It's all over the place Those embedded engineers who are very specialized in that type of area don't know much about machine learning. The flow is really interesting at the moment. There's a lot of, not conflict, but there's a lot of budding of heads when you try to go from the idea about how do I train a model to how do I actually deploy the model. It's funny as well.
The one thing I've really noticed, and it's the elegance often in the tech industry of us, we build layers on things, which build layers on things, which build layers on things. It's easy to take a model nowadays. Even if I don't know much about ML, I can Google search for a while and find some, "Oh, here's a model that does something in the mobile network. That's cool. I'll just download. Oh, here's a colab, I'll grab that Jupyter notebook. Oh cool. I'm trying to model." It's so easy to do and to build something valuable but have absolutely no idea how it works under the hood.
It's funny to see a lot of people we work with that are embedded that they're running these ridiculously large models that are a hundred times bigger than they need to be, just because it was the simplest thing for them to do. I feel like that's happening a lot, that we've got people who are embedded that don't really know the machine learning, but are able to get something working because again, they're in that low-hanging fruit.
They get something simple, but they're going to experience pain pretty soon when they try to do something more complicated. The tooling, there's a real mismatch cadence between the tooling. I might train in TensorFlow, for example. TensorFlow has a part of its sort of library ecosystem called TensorFlow Lite, which was developed for phones.
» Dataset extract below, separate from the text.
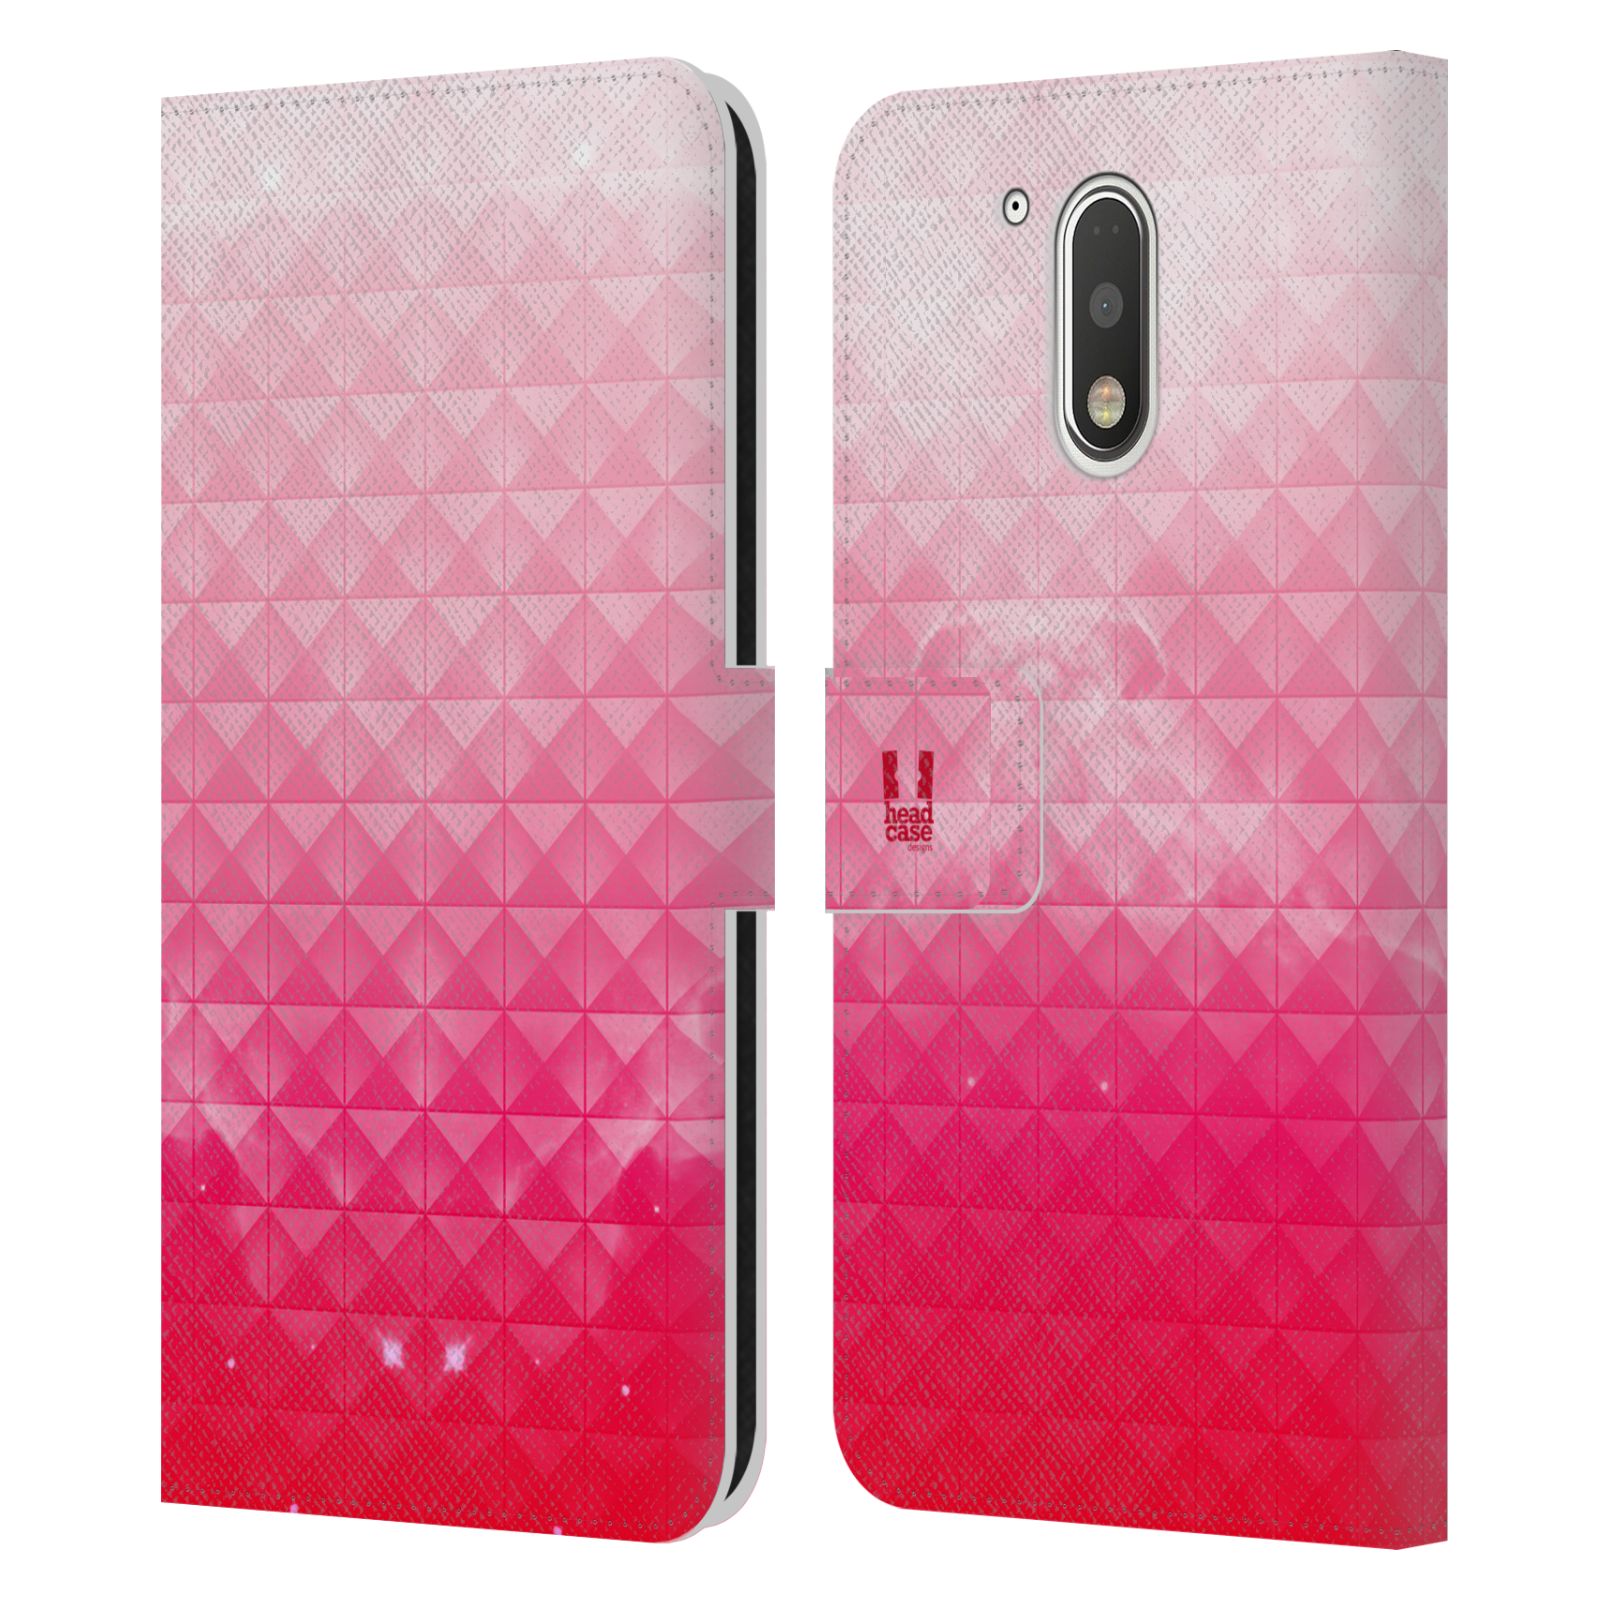 Pouzdro HEAD CASE na mobil Motorola Moto G41 barevná vesmírná mlhovina růžová jahoda

Then there's another part of it, which is TensorFlow Lite for micro, which was developed, for the microcontroller type stuff. It's all still quite weird. I have to run this command over here. If you look at a bit of code to do this, you can really see the sort of levels of distraction and where they break. This is real elegance and beauty around these abstract methods to call, "Oh, get a data set, train a CARES model. It looks really nice." Then there's this horrific, bizarre bit of code where I make some converter to convert TF, I don't know what's going on.
You can really see, whenever I see a bit of code that's like that, it really illustrates the fact that these bits that have these really bizarre bits of code that aren't at the same level as the abstractions around it, mean that these haven't been unified yet, it's frameworks. They're very cobbled together. It's certainly not solved. [laughs] There's a lot of hard work you need to do to make things work.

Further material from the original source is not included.